For some reason, I struggled to get things installed correctly. Installing Nextflow was straightforward and didn’t have any issues. First bump in the road came from the installation directions for NF-Core RNAseq. The instructions say “Download the pipeline and test it..”. Well, that doesn’t indicate how/where to download. To add to the confusion (will be evident how in a bit), the previous step says to “only use Conda as a last resort”. Okay, so how do I get the NF-Core RNAseq? I downloaded the latest release from the GitHub Release page. After doing that, I couldn’t figure out how to just get a basic command (e.g. nf-core download) to run. I managed to discover that I likely needed to install nf-core Tools. However, doing that meant that I would have to use either Conda or Docker. Docker seemed overly complicated (didn’t want to have to deal with re-learning container/image usage and within the confines of a SLURM environment like Mox - this whole thing was supposed to be quick and easy!) and using Conda was strongly discouraged for the NF-Core RNAseq. For “simplicity” I went the Conda route. This is where everything went awry…

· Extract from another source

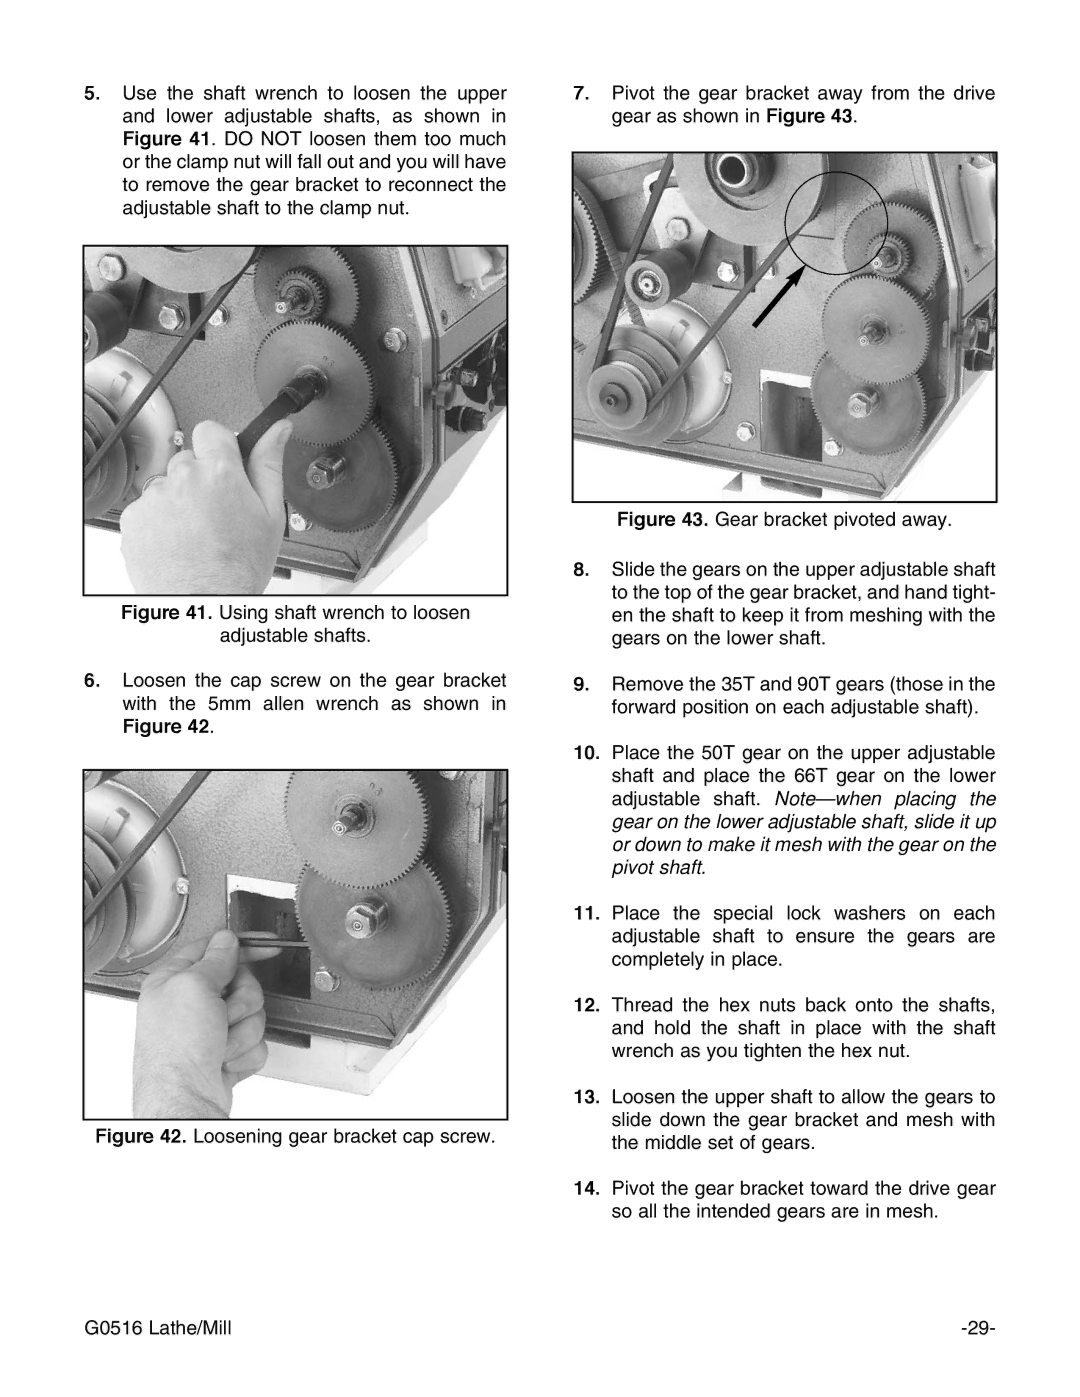 Grizzly G0516 instruction manual 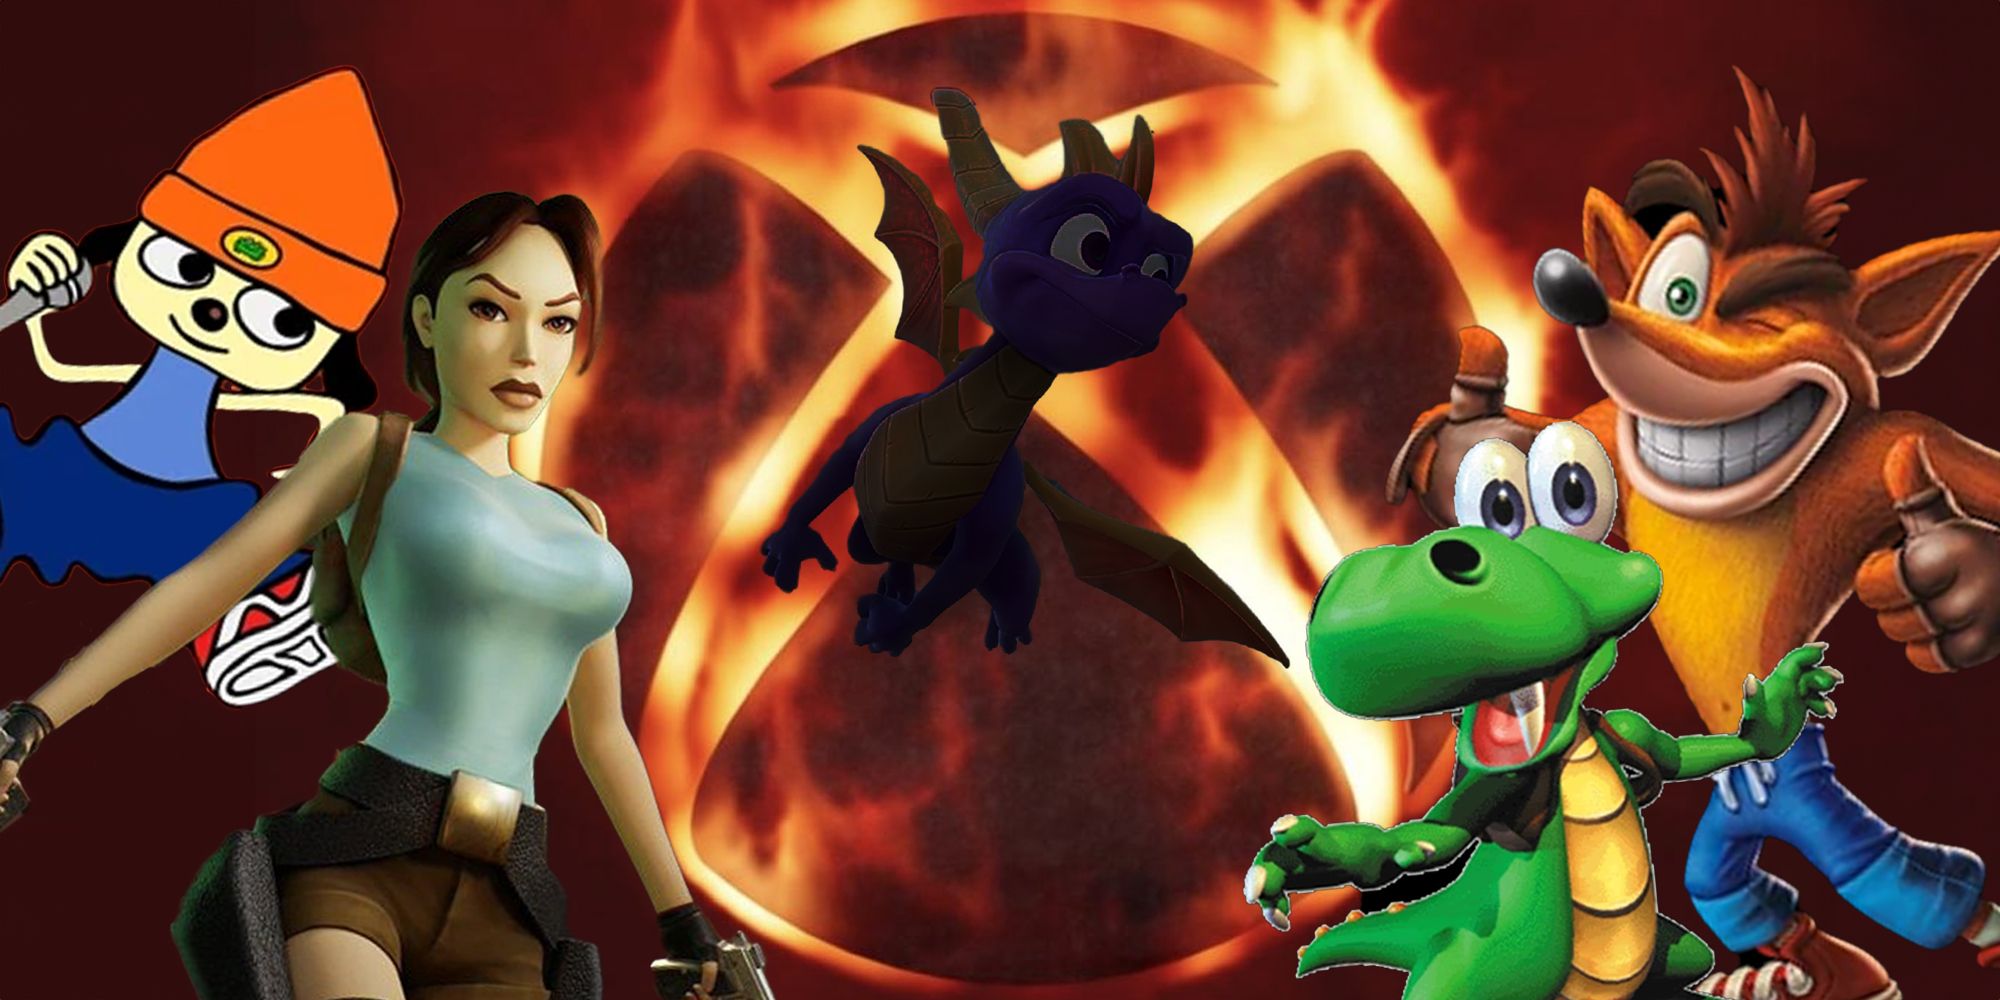 PlayStation 1 mascots Parappa the Rapper, Lara Croft, Croc and Crash Bandicoot with a silhouetted Spyro the dragon flying in front of a flaming Xbox logo

The pipeline is designed to have internet access to update and download newer config files automatically. Knowing that running SLURM job wouldn’t have internet access, I followed the instructions for downloading a pipeline for offlne use. Running the nf-core download command initiated an interactive mode to specify things, like which version to download, whether or not to provide a directory for $NXF_SINGULARITY_CACHEDIR, and whether or not to compress the Singularity container that would be downloaded. Setting $NXF_SINGULARITY_CACHEDIR seemed to cause issues. Additionally, the Singulairity download was surprisingly fast.

As it all turns out, I think the issue was that I had downloaded NF-Core RNAseq from the GitHub release and installed via Conda. Essentially, Conda creates the same directory structure in the same location as the NF-Core RNAseq install from the GitHub release. And, this fact, I think broke everything.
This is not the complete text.